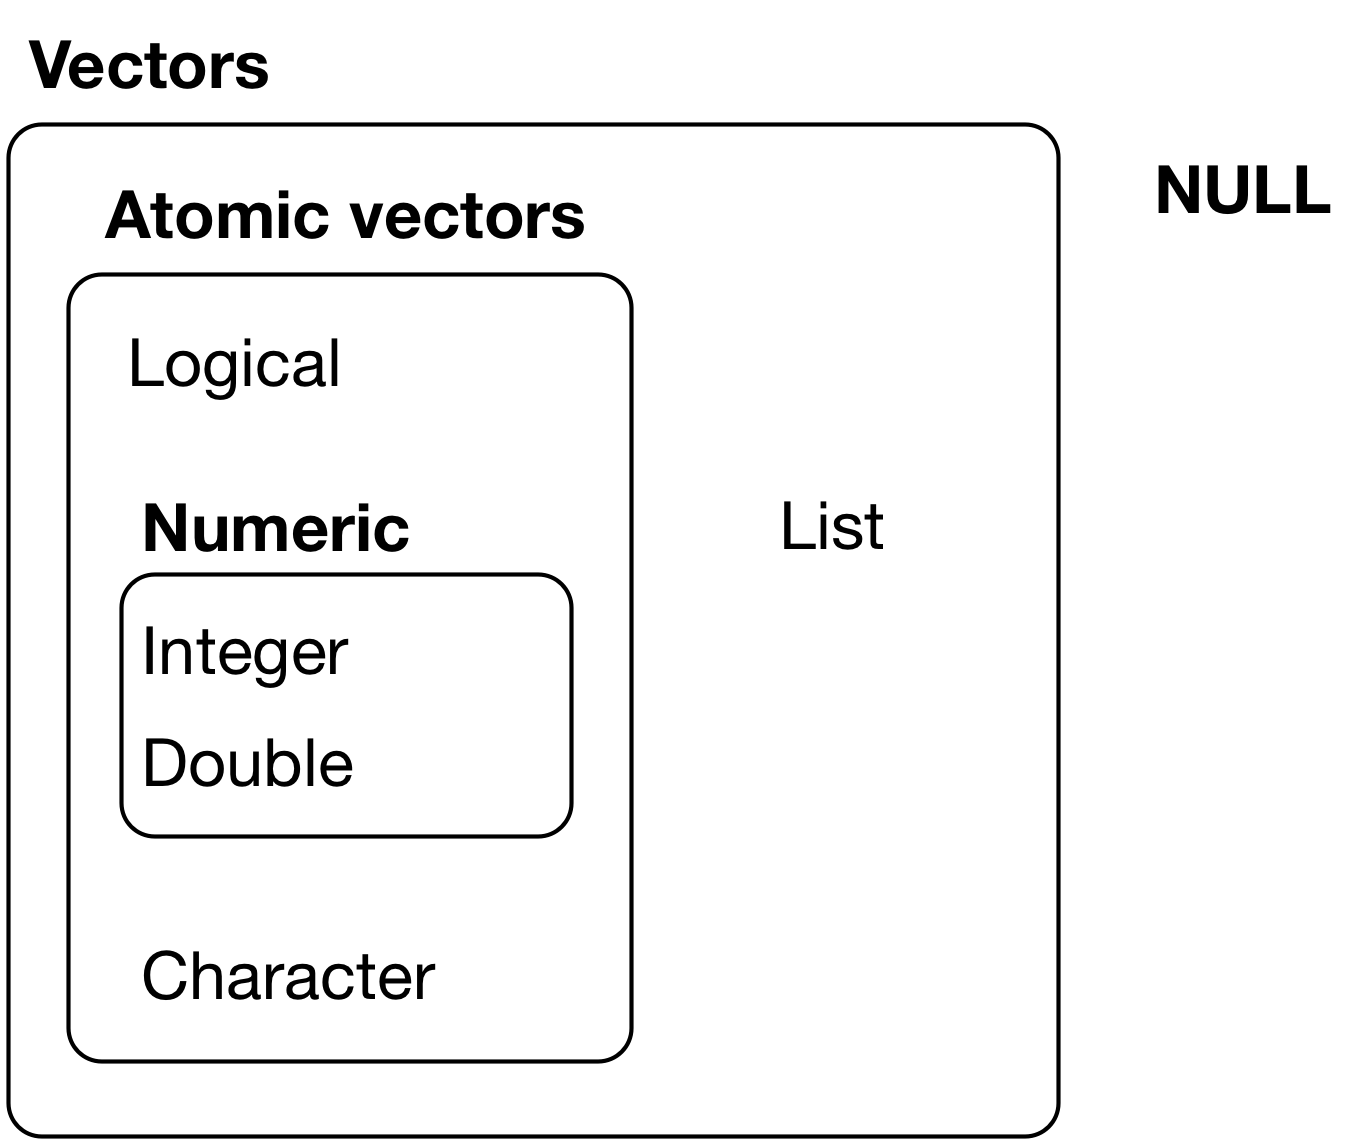 Vector hierarchy. Source: [R4DS](https://r4ds.had.co.nz/vectors.html) licensed under [CC BY-NC-ND 3.0 US](https://creativecommons.org/licenses/by-nc-nd/3.0/us/)
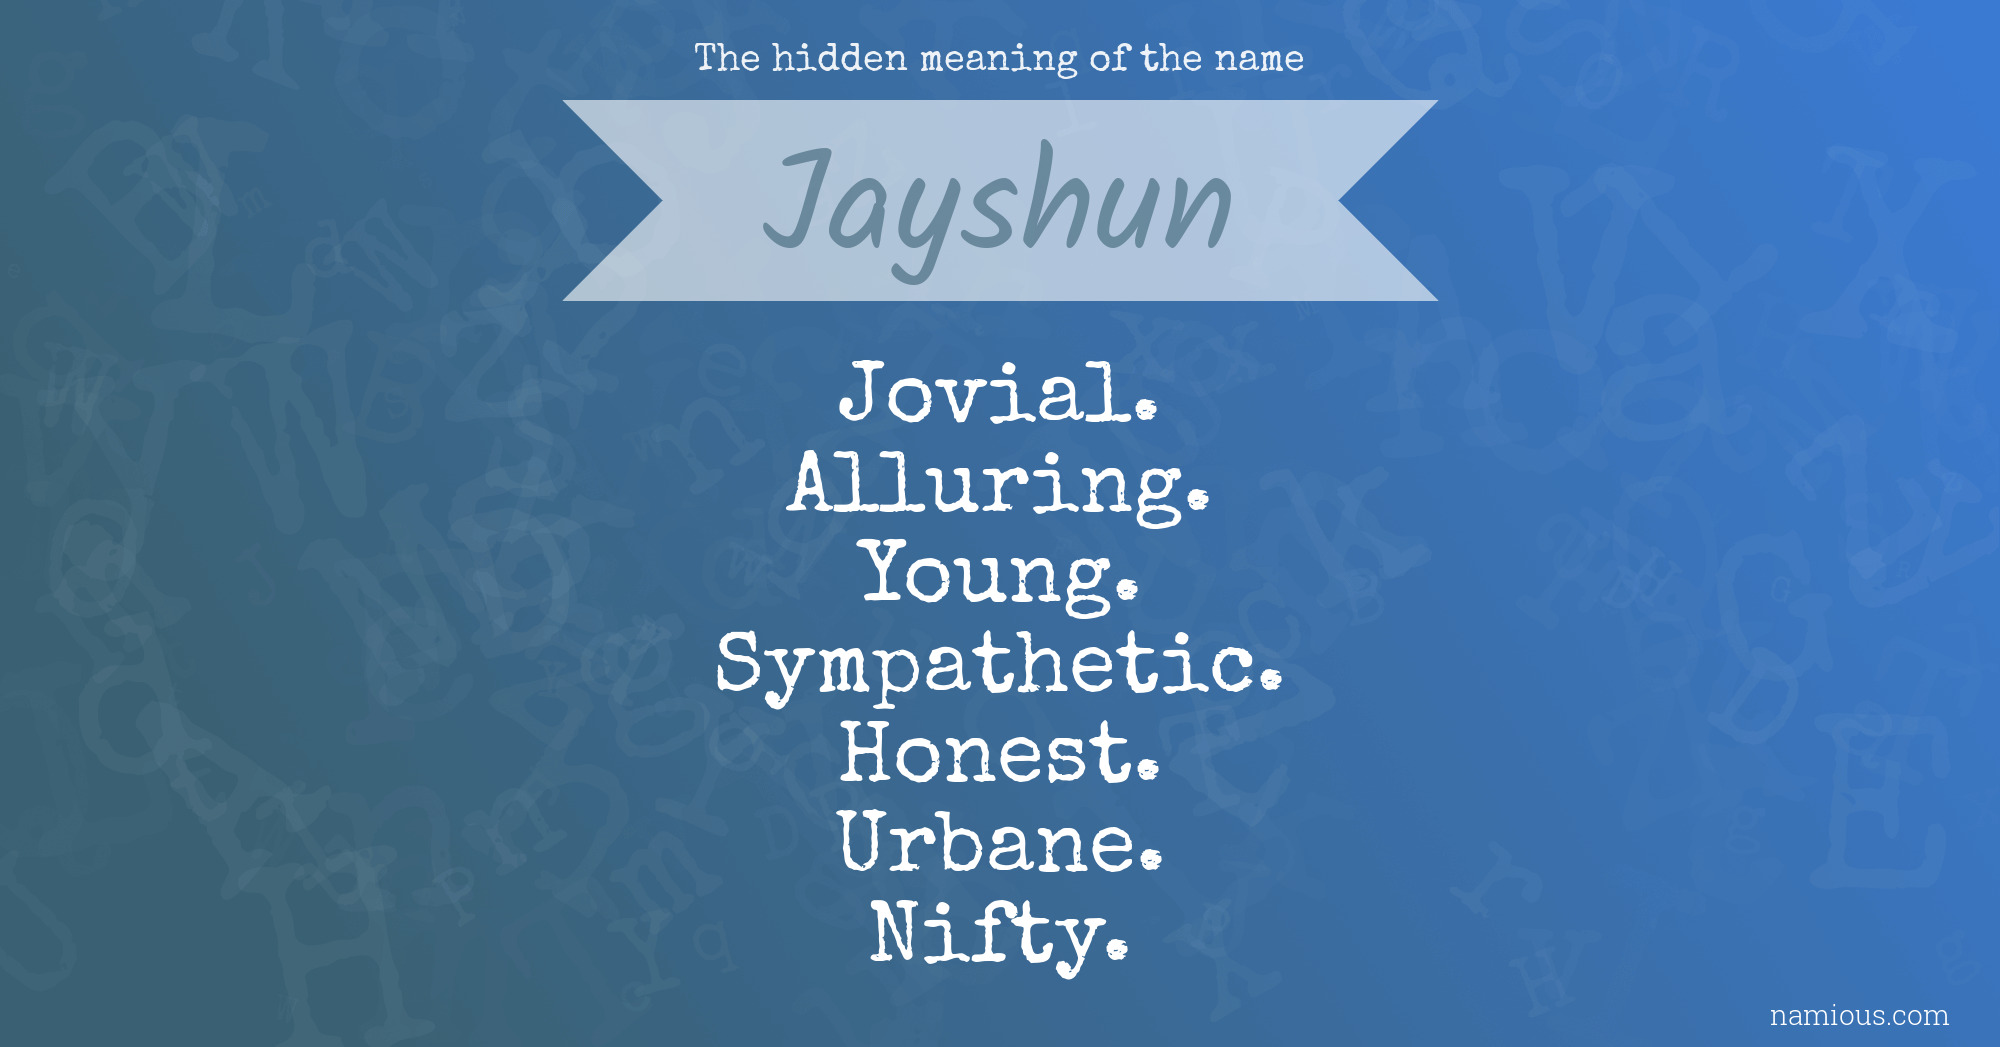 The hidden meaning of the name Jayshun
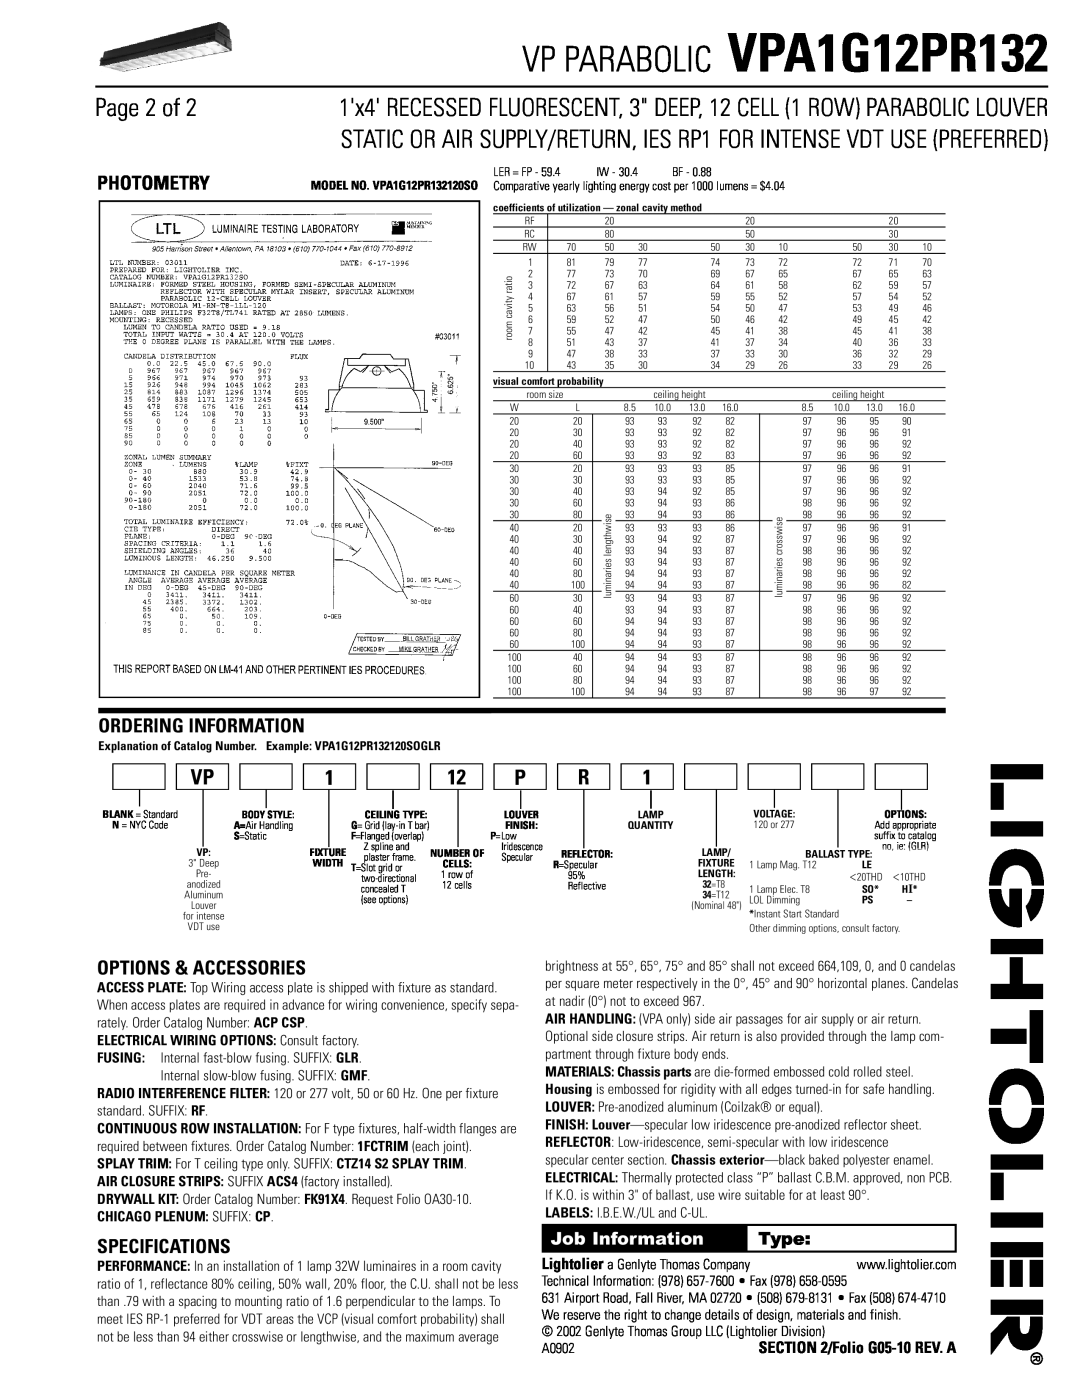 Lightolier VPA1G12PR132 dimensions Page 2 of, Photometry, Ordering Information, Options & Accessories, Specifications, Type

- [What the task asks] Each line from the one that contains "The hidden meaning of the name Jayshun" to the end of the listing must be quoted exactly; no other line and no picture belongs in the copy.

- [Written response]
 The hidden meaning of the name Jayshun
 Lightolier VPA1G12PR132 dimensions Page 2 of, Photometry, Ordering Information, Options & Accessories, Specifications, Type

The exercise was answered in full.